Strong AI-related demand is driving a wave of institutional investment into data infrastructure, with Chamath Palihapitiya backing a $51M land deal, Harrison Street raising $1B in a month, and Prologis acquiring an 831-acre Georgia site for a planned $17B development. Energy providers like PG&E are reporting surging requests for large-scale power access, while new federal support for nuclear reflects growing urgency to expand capacity for this rapidly scaling sector.

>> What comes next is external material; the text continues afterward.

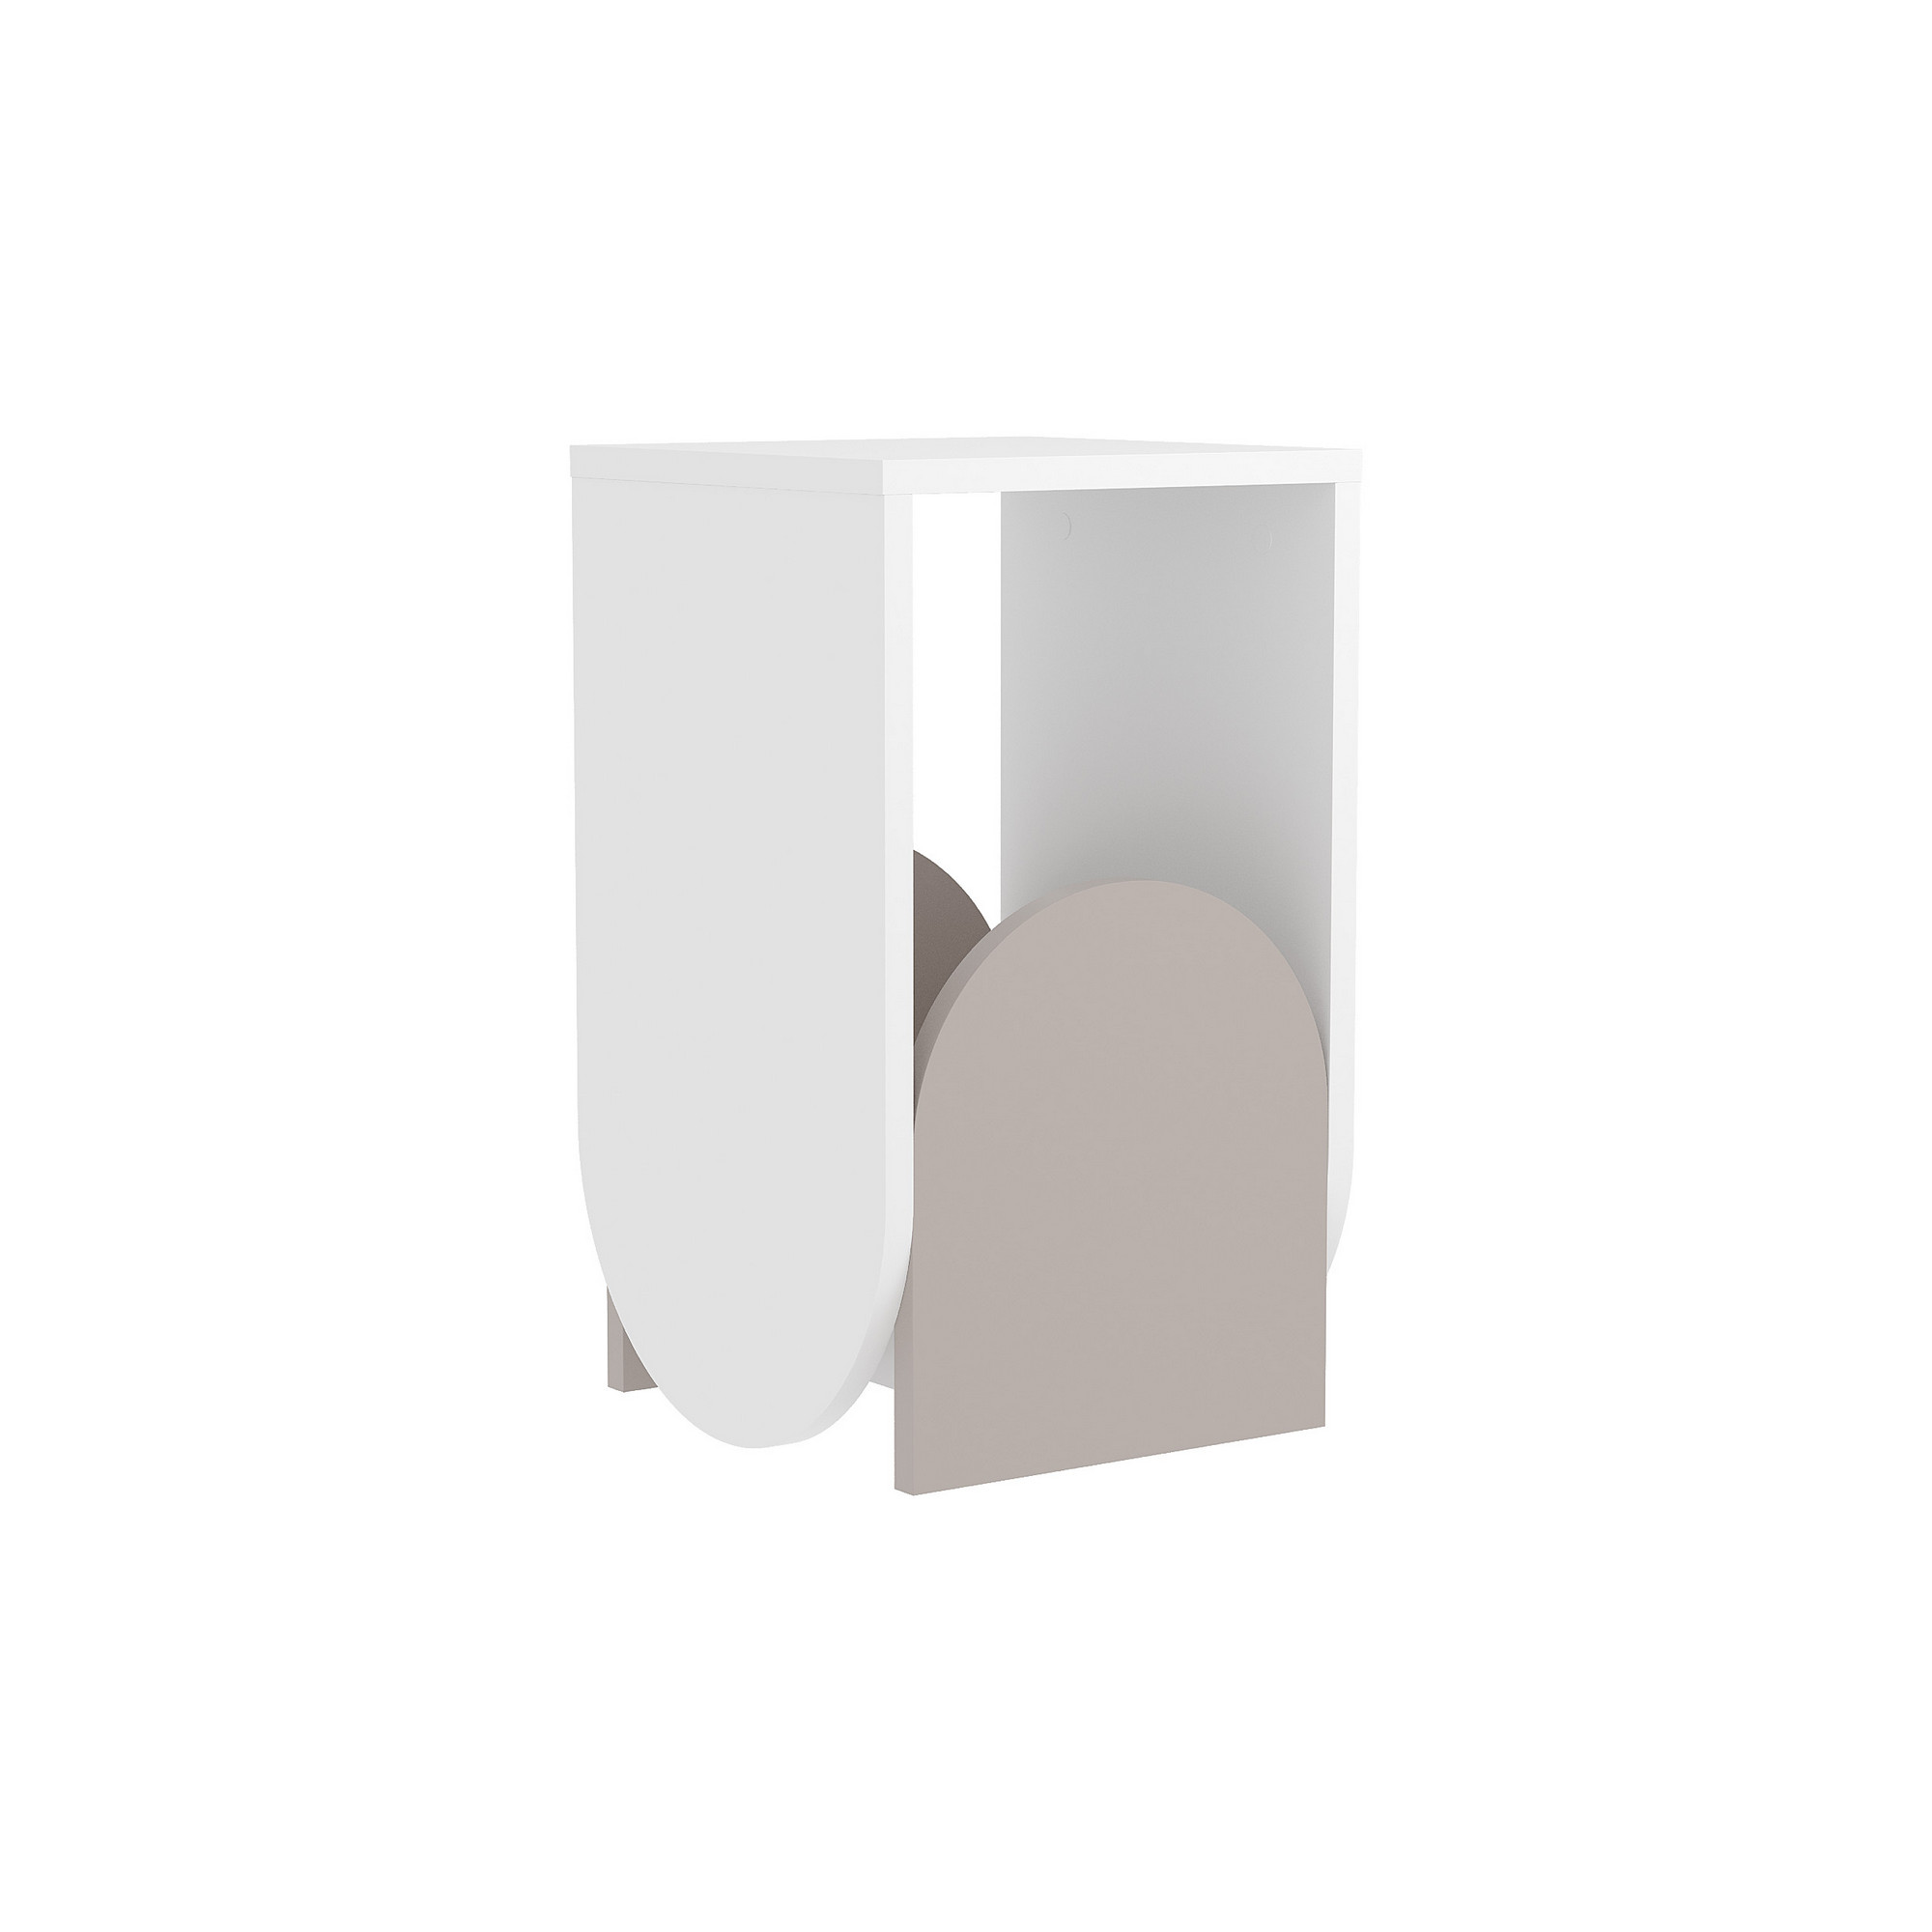 NORDVÄRK Nun sidebord, kvadratisk - hvid og lys mokka melamin (32x32)

🏠 Home Price Growth Cools as Inventory Climbs

National home price growth is slowing as rising inventory and a 19% supply surge weigh on momentum, with the Case-Shiller index up just 3.4% year over year in March, down from 4% in February. At the same time, the FHFA index shows a 4% annual gain in Q1, led by strength in the Northeast and Midwest, while luxury pending sales dropped nearly 10% as economic uncertainty sidelines high-end buyers.

Savannah, Georgia

This Week in Real Estate: Key Events & Data

Quick Markets

30Y Mortgage: 6.97%
10Y Treasury Yield: 4.47% (-2 bps)
FTSE NAREIT Index: 763.15 (+1.74%)
30-day SOFR Average: 4.31%

Market Pulse

Trade optimism lifted consumer sentiment in May, but weak business investment and Fed caution suggest rates will stay elevated until inflation eases and trade policy stabilizes

Consumer confidence jumps in May – Index rose to 98 from 85.7 on trade optimism, marking first increase in six months as hopes for U.S.-China truce lifted outlook across demographics (CNBC)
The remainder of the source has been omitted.